This library requires a BLAS/LAPACK backend. Choose one based on your platform:

Add this to your Cargo.toml:

[dependencies]
ngboost-rs = { version = "0.1", features = ["openblas"] }
ndarray = "0.15"

Platform-Specific BLAS Backend

This library requires a BLAS/LAPACK backend. Choose one based on your platform:

macOS (Accelerate - recommended)

[dependencies]
ngboost-rs = { version = "0.1", features = ["accelerate"] }

Linux (OpenBLAS)

First install OpenBLAS:

# Ubuntu/Debian
sudo apt-get install libopenblas-dev

# Fedora
sudo dnf install openblas-devel

# Arch
sudo pacman -S openblas

Then in Cargo.toml:

[dependencies]
ngboost-rs = { version = "0.1", features = ["openblas"] }

Windows (OpenBLAS or Intel MKL)

For Windows, you can use Intel MKL or build OpenBLAS from source.

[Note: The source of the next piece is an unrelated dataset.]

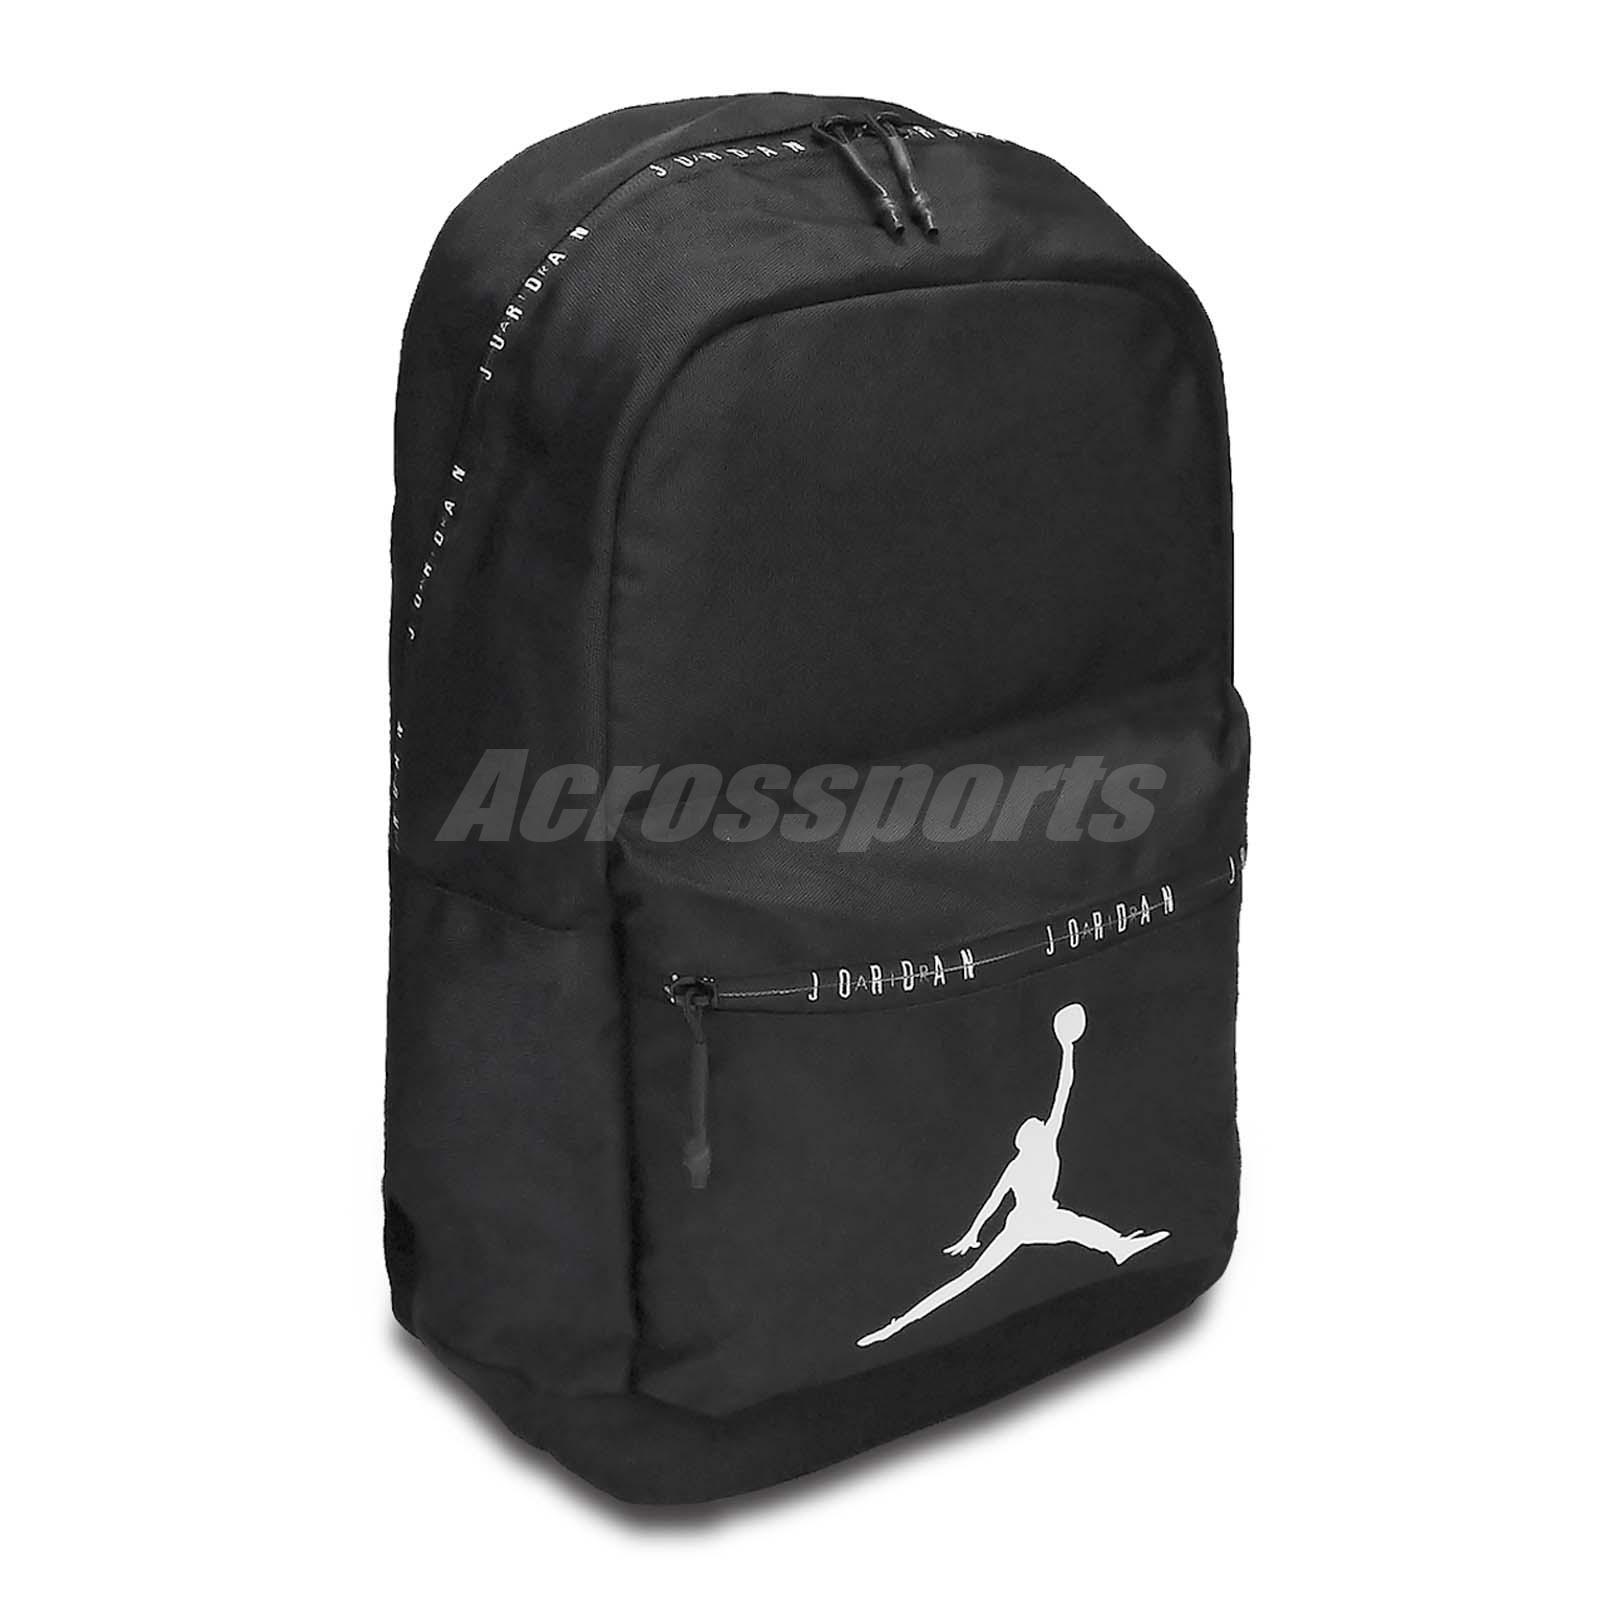 b255baa7a6ff2c Nike Jordan DNA Pack Backpack Black White Jumpman AJ Bag Rucksack 9A0207-023

Using Intel MKL (easier on Windows):

[dependencies]
ngboost-rs = { version = "0.1", features = ["intel-mkl"] }

Intel MKL (any platform - high performance)

[dependencies]
ngboost-rs = { version = "0.1", features = ["intel-mkl"] }

Note: Intel MKL requires the MKL libraries to be installed.

Quick Start

Regression Example

use ndarray::{Array1, Array2};
use ngboost_rs::dist::Normal;
use ngboost_rs::learners::StumpLearner;
use ngboost_rs::ngboost::NGBoost;
use ngboost_rs::scores::LogScore;

fn main() {
    // Your training data
    let x_train: Array2<f64> = /* your features */;
    let y_train: Array1<f64> = /* your targets */;

    // Create and train the model
    let mut model: NGBoost<Normal, LogScore, StumpLearner> = 
        NGBoost::new(100, 0.1, StumpLearner);
    
    model.fit(&x_train, &y_train).expect("Failed to fit");

    // Make point predictions
    let predictions = model.predict(&x_test);

    // Get full predicted distributions (with uncertainty)
    let pred_dist = model.pred_dist(&x_test);
    println!("Predicted mean: {:?}", pred_dist.loc);
    println!("Predicted std:  {:?}", pred_dist.scale);
}

Classification Example

use ngboost_rs::dist::Bernoulli;
use ngboost_rs::dist::ClassificationDistn;

// Binary classification
let mut model: NGBoost<Bernoulli, LogScore, StumpLearner> = 
    NGBoost::new(50, 0.1, StumpLearner);

model.fit(&x_train, &y_train).expect("Failed to fit");

// Get class predictions
let predictions = model.predict(&x_test);

// Get class probabilities
let pred_dist = model.pred_dist(&x_test);
let probabilities = pred_dist.class_probs();  // Shape: (n_samples, n_classes)

Available Distributions

Regression Distributions

Distribution	Parameters	Use Case
`Normal`	loc, scale	General continuous data
`NormalFixedVar`	loc	When variance is known/fixed
`NormalFixedMean`	scale	When mean is known/fixed
`LogNormal`	loc, scale	Positive, right-skewed data
`Exponential`	scale	Waiting times, survival
`Gamma`	shape, rate	Positive continuous data
`Poisson`	rate	Count data
`Laplace`	loc, scale	Heavy-tailed data
`Weibull`	shape, scale	Survival analysis
`HalfNormal`	scale	Positive data near zero
`StudentT`	loc, scale, df	Heavy tails, robust
`TFixedDf`	loc, scale	T with fixed df=3
`Cauchy`	loc, scale	Very heavy tails

Classification Distributions

Distribution	Parameters	Use Case
`Bernoulli`	1 logit	Binary classification
`Categorical<K>`	K-1 logits	K-class classification
`Categorical3`	2 logits	3-class classification
`Categorical10`	9 logits	10-class (e.g., digits)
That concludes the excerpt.